The most famous and probably one of the most anonymous of Israel's pilots, who rest in peace in close proximity to each other in the peaceful valley, and are among the painfully high number of winged warriors who have fallen while serving their country.
Even though the young man who perished so many years ago now seemingly has no family visiting his grave, he is definitely part of the collective memory of those in the IAF's extended family and those of the kibbutz farmers who drive by on an early morn on their way to plough, sow and eventually reap the rewards of their labor.
In the undulating, tree covered Judean Hills near Jerusalem, a memorial park for all the fallen airmen fills to capacity with relatives, friends and fellow IAF personnel every year on Remembrance Day. The journey to Pilot's Hill takes one along twisting narrow tree-lined mountain roads, where breaks in the trees reveal breathtaking vistas.

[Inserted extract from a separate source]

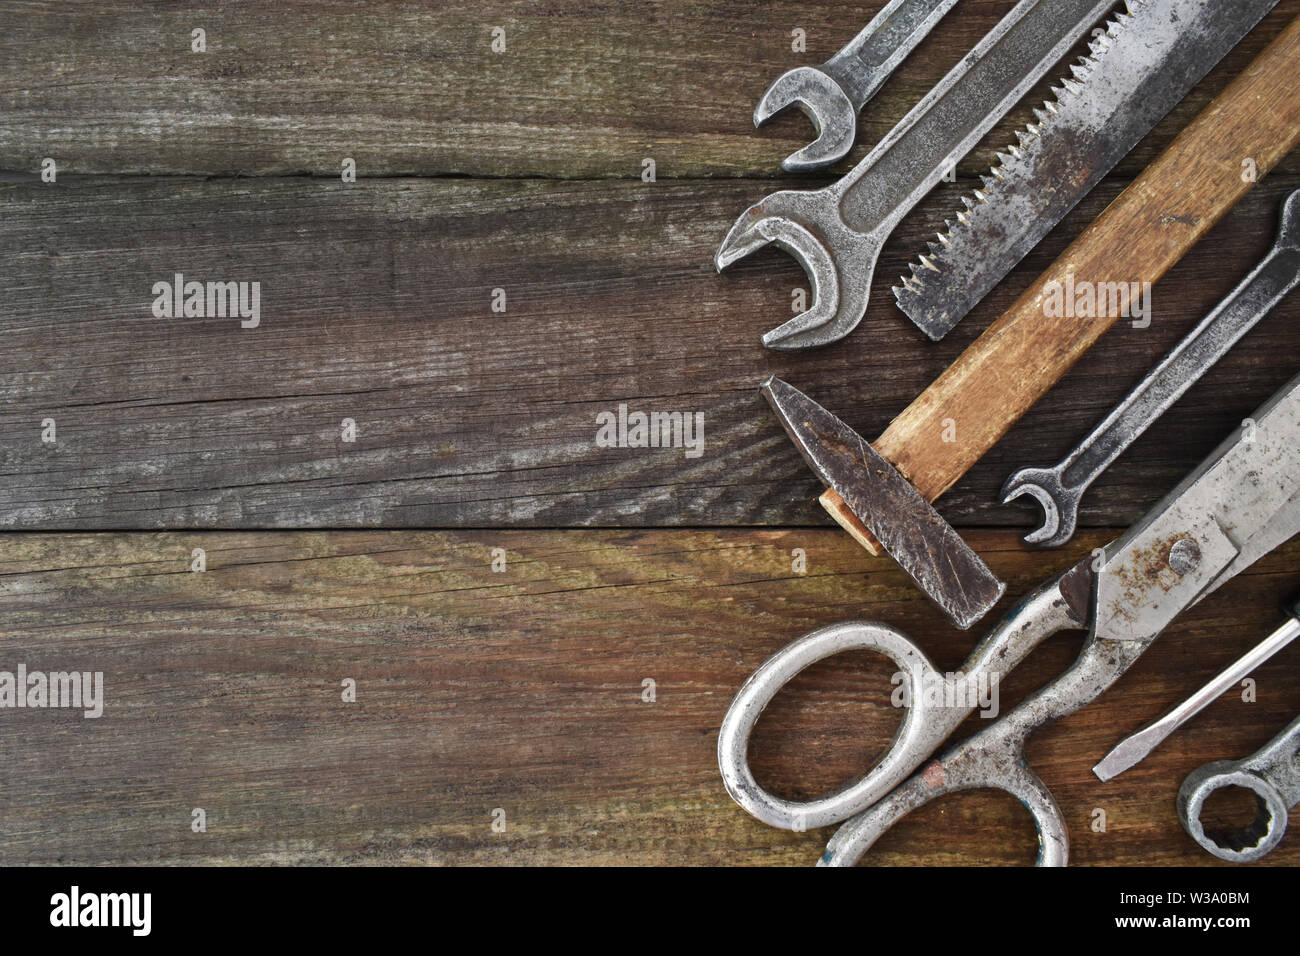 Retro vintage woodwork equipment set. Hammer scissors screwdriver on brown texture wooden planks background. Old carpentry rusty tools handy craft Stock Photo

The first monument on Pilot's Hill is in memory of six airmen who were flying a mission on May 10, l948. Their single-engine Norseman bush plane had left Sde Dov airbase in Tel Aviv in the morning hours on a bombing mission over the Arab village of Mahsir, visible down below in the Jerusalem Corridor.
For reasons that were never made clear, the plane crashed south of what is today Kiryat Ye'arim and all six airmen perished. A monument was created from the airplane's burnt remains, and a short walk from there stand five stone pillars with the names of all IAF personnel who fell in the line of duty since the foundation of the state. Six of the pilots listed on the pillars hailed from the Jezreel Valley kibbutz of Mishmar HaEmek, in whose fields the young low-flying pilot who crashed in l951 is buried.
The names of the kibbutz airmen are also engraved on a large monument standing on an extinct volcano above the community on the slopes of the Menashe Hills overlooking the valley. Here on Remembrance Day, kibbutz elders, their children and grandchildren gather on the volcanic rock-strewn hill for a memorial service.
The Golan Heights is clearly visible from this vantage point, as is the Gilead range of mountains in Jordan. Two of the kibbutznik pilots, Hannan Aitan and Shaul Gilboa, were shot down and killed while flying over those areas so close to their home. Gilboa was brought down by Jordanian fire when on a patrol flight over the Jordan Valley in l968, and Aitan became one of the first casualties of the l973 Yom Kippur war when he was shot down over the Golan.
That morning Aitan had left his wife, young son and baby daughter in order to work in the kibbutz cotton fields that run almost to the fence surrounding the airbase. He would have driven past the lone grave surrounded by the only trees in that part of the valley, between the fields he was due to plow. A short time after beginning to plow, he was called to the other side of the fence where he exchanged his blue kibbutz work clothes for a pilot's flight suit. A very short time later he was shot down over the Golan, a casualty of war that the majority of his valley community was still unaware had broken out.
The names of the scores of men, women and children who died in wars or in accidents during military service are etched not only in the stone, but also in the hearts and minds of members of their community.